On Vacations and “Learning Loss”
This piece is available for free at the Center for Educator Wellness and Learning. (Click here to access it on CEWL’s website.)
Since the early days of the pandemic, pundits and researchers have fretted about “learning loss”. In practice, “learning loss” is really better described as a decrease of, or lack of improvement on, standardized test scores. Doubtless, someone somewhere is fretting about all of the learning that may evaporate from children’s heads over the winter holidays.
And there’s even a specific phrase used by testing companies for the “learning loss” that allegedly happens every summer vacation: “Summer slide” refers to the perception that students get worse at school over a long summer holiday. Early projections on the potential costs of virtual or hybrid schooling during the pandemic were often based on the assumption that we could map “summer slide” onto days of in-person school missed due to the pandemic.
For example, in July 2020, SC Senate Education Chair Greg Hembree claimed that, “The data is telling us that in mathematics, on average, students have lost, not just that semester, but a complete year, and that in English, students have lost a complete semester.”
Hembree’s data came from an Education Oversight Committee report which actually contained no data about e-learning losses during the pandemic
Instead, it included two graphs from an article on EdNote, dated April 27, 2020, called “The Covid Slide and What It Could Mean for Student Achievement.” The provided graphs “forecast” nationwide learning loss due to COVID-19 based only on test scores for English and mathematics students in grades 3-8. The authors, rather than making claims about current learning loss, merely state, “Preliminary estimates suggest impacts may be larger in math than in reading and that students may return in fall 2020 with less than 50% of learning gains, and, in some grades, nearly a full year behind what NWEA would expect in normal conditions”
NWEA is the company that makes the MAP assessment. The company has a vested interest in promoting the idea that test scores consistently represent “learning”.

Hembree awarded the state’s teachers at the time “an A+ for effort” in teaching students, but a “D-” for “results”. But of course, this is was before we knew almost anything about the impact of the pandemic on “learning”; as questionable as test scores can be as proxies for what students have actually learned (and what they have learned to do), we didn’t even have those scores yet when Hembree and others were using this “projected learning loss” to argue for a return to in-person instruction.

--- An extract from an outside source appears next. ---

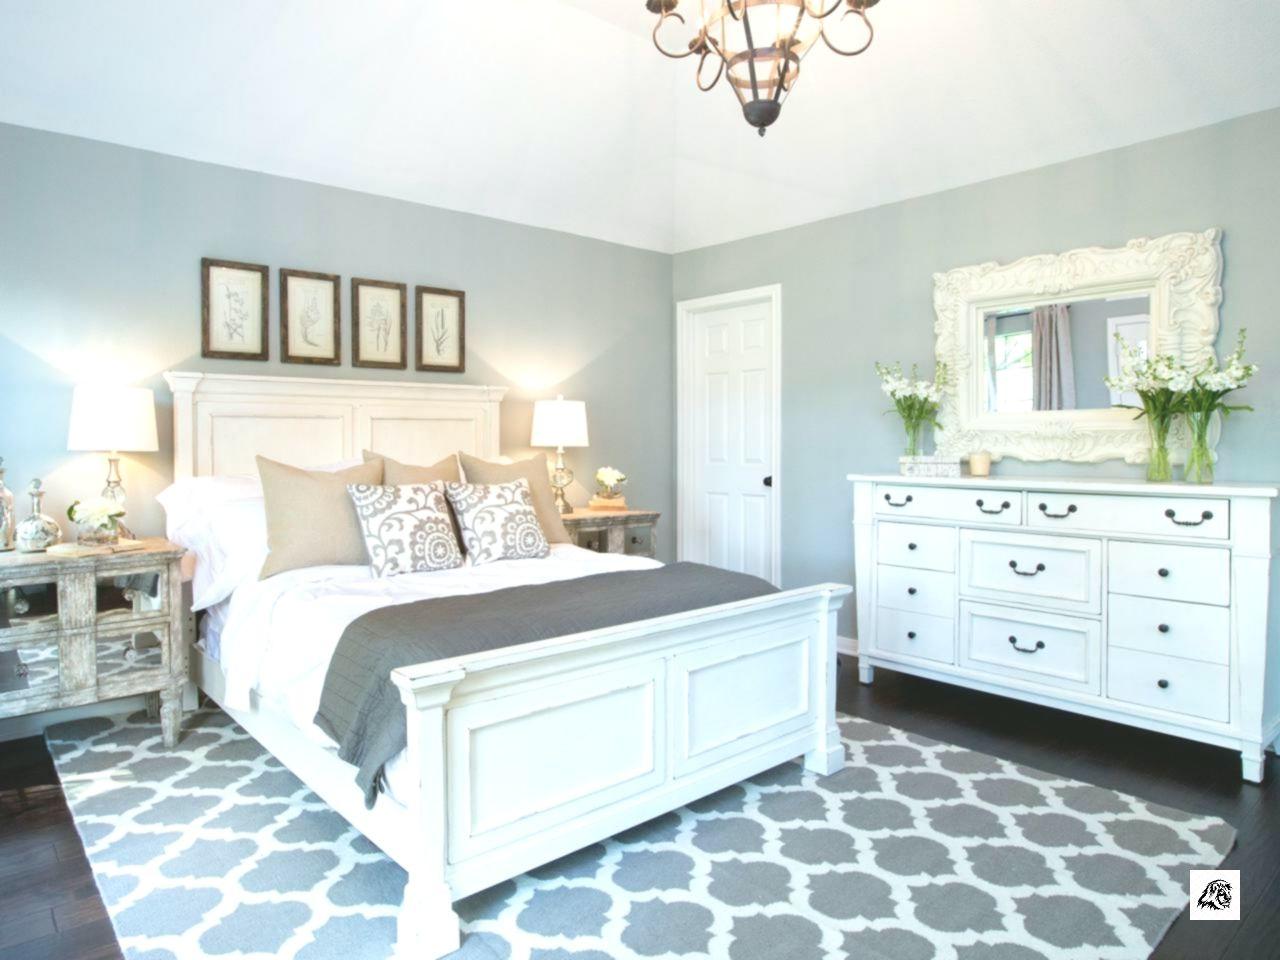 bedroom furniture ideas bedroom inspo white bedroom furniture rh in pinterest com

Hembree’s extrapolation stretched the plausible limits of learning loss data in a way that unfortunately is all too common.
Learning loss alarmists often conflate test achievement and learning, which are, theoretically, closely related, but are objectively not the same thing. (It is possible for a student to score poorly on a standardized test even though they have mastered the content or skills the test is supposed to measure. It is possible for a student to be very good at taking standardized tests without learning the material.)
In other words, the test might be invalid. The student may perform poorly under stress. The student may fall asleep during the test. The student may be taking an electronic test on a broken computer. (Shortly after we did return to in-person learning, I watched a student take a state test on a Chromebook with a missing J key. As she was completing the essay component of the test, every time she needed to type J, she had to pick up a pencil and insert the tip of it into the keyboard.)
Secondly, like Hembree, the alarmists during and after the pandemic have conflated “summer slide”-style “learning loss” with an unprecedented situation that may or may not duplicate the conditions of being on summer vacation. (How similar is a global pandemic to a summer break?)
Of course, many students did face academic obstacles during the pandemic.
In particular students with fewer resources outside of school likely struggled the most.
Past research on “learning loss” addresses this:
“One commonly cited explanation for this phenomenon is a concept called the ‘faucet theory.’ This idea suggests that children attending the same school have relatively comparable resources available to them during the school year. However, during the summer, students from higher economic backgrounds continue to have access to materials and experiences that allow them to maintain higher rates of educational retention than their peers from resource-poor backgrounds. In other words, these children continue to have a running ‘faucet’ of resources even in the summer months—an advantage that students from lower socio-economic backgrounds lack.”
Indeed, leading up to the pandemic, South Carolina officials often heard from teachers who felt ongoing resource disparities between wealthier and poorer districts needed to be addressed in order to improve educational outcomes. These were central complaints in the May 1, 2019 rally in which 10,000 public education supporters marched on the SC capitol.